- Directed by: Montxo Armendáriz
- Written by: Montxo Armendáriz
- Produced by: Imanol Uribe and Andrés Santana
- Starring: Carmelo Gómez Charo López Sílvia Munt Vicky Peña Andoni Erburu Álvaro Nagore Chete Lera
- Music by: Bingen Mendizábal
- Distributed by: Aiete Films Ariane Films
- Release date: 14 March 1997;
- Running time: 105 minutes
- Country: Spain
- Language: Spanish

= Secrets of the Heart (film) =

Secrets of the Heart (Secretos del corazón) is a 1997 Spanish film. The film was a box office hit in Spain, grossing ESP 711,092,434. It was nominated for the Academy Award for Best Foreign Language Film at the 70th Academy Awards.

==Synopsis==
In 1960s Spain, 9-year-old Javi and his friend Carlos are both fascinated and scared by an empty house in their village. Javi's older brother insists a crime was once committed there, and eerie voices are sometimes heard.

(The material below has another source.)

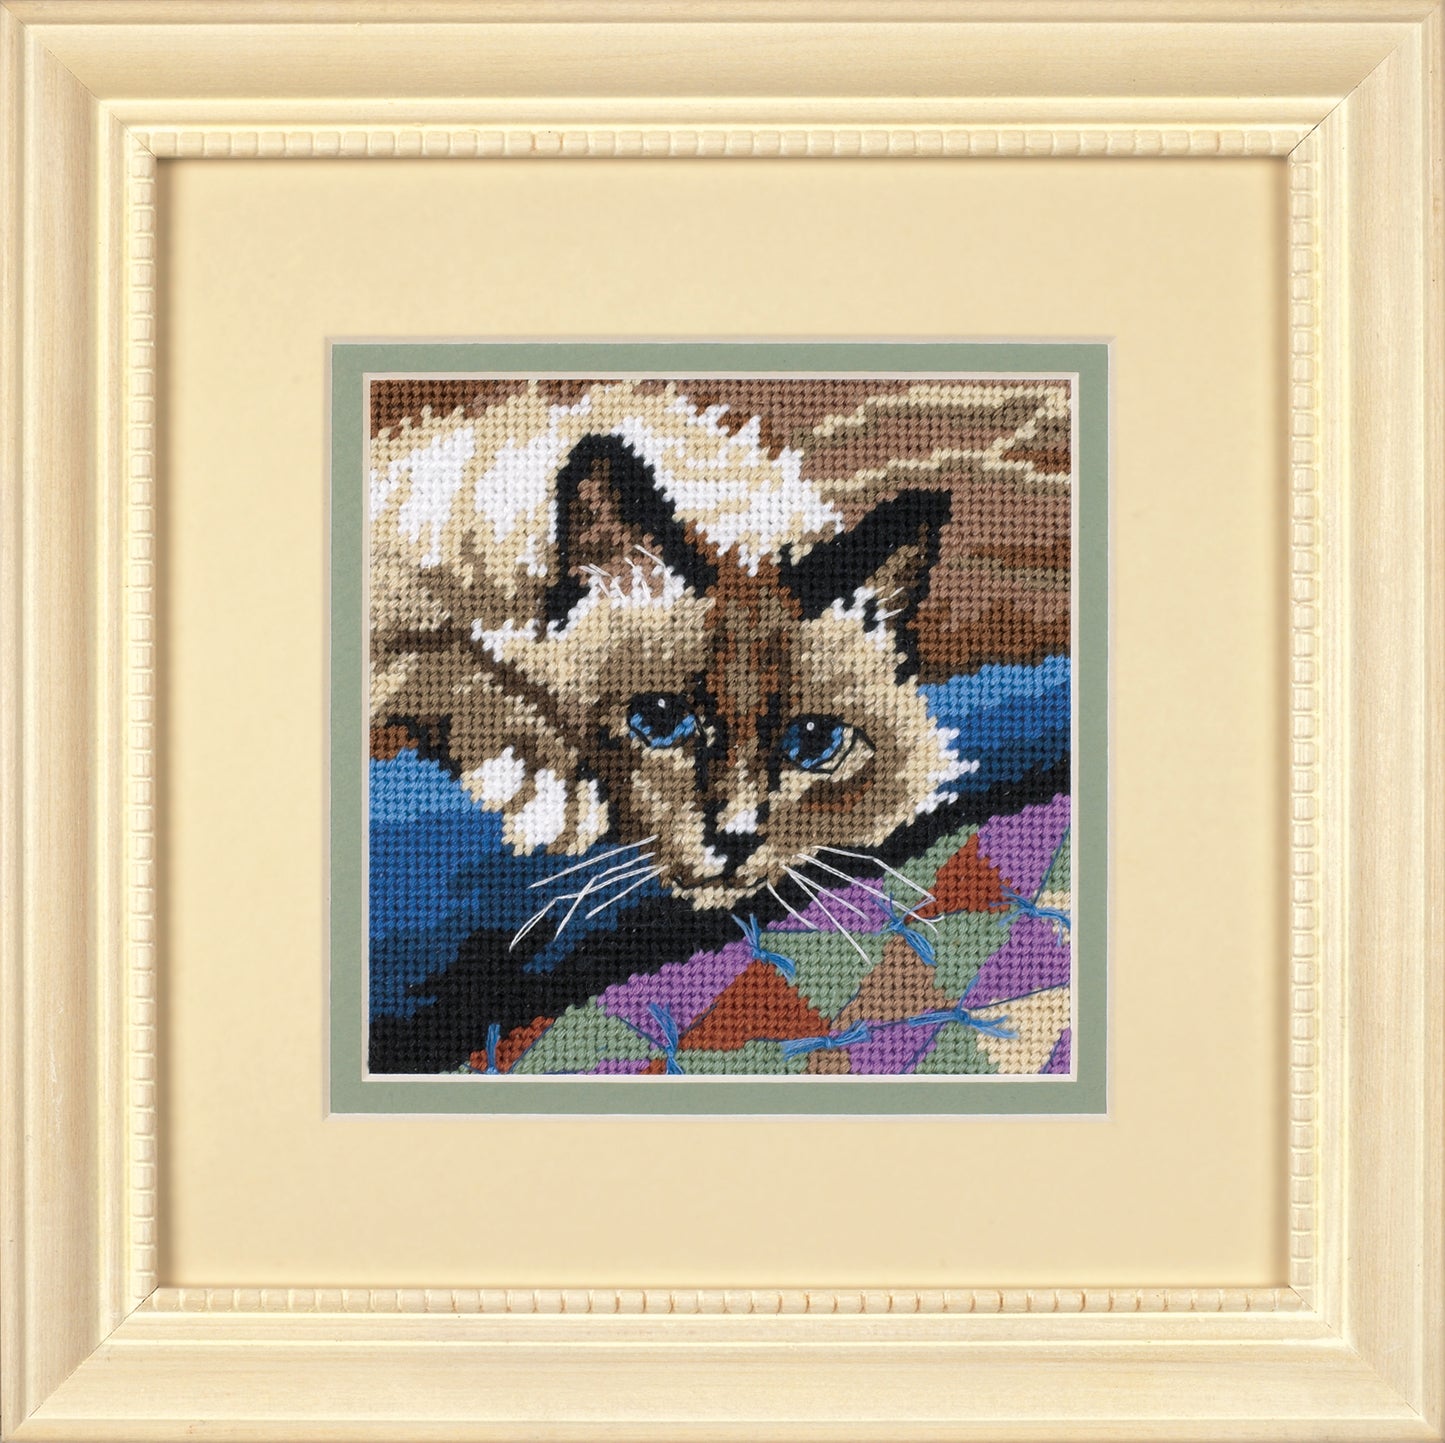 Cuddly Cat Needlepoint Tapestry Kit - Dimensions D07228

The mystery captivates Javi, especially as it seems linked to his father's death, who used to meet a mysterious woman there. Returning to their secluded mountain home, Javi finds another locked room, shrouded in secrecy. As he investigates, he uncovers adult secrets and lies.

==Cast==
- Carmelo Gómez as Tío
- Charo López as María
- Sílvia Munt as Madre
- Vicky Peña as Rosa
- Andoni Erburu as Javi
- Álvaro Nagore as Juan Zabalza
- Íñigo Garcés as Carlos
- Joan Vallès as Abuelo
- Joan Dalmau as Benito
- Chete Lera as Ricardo
- Manolo Monje as Don Bautista
- José María Asín as Don Alejandro
- Carlos Salaberri as Bedel

==Commentaries==
According to the film's producer, Secretos del corazón is "a poetical and emotional movie that can share with Hollywood's big overproductions' special effects."

Armendáriz has had a brief film career and appears in such works as "Historias del Kronen", "Tasio" and "Las cartas de Alou".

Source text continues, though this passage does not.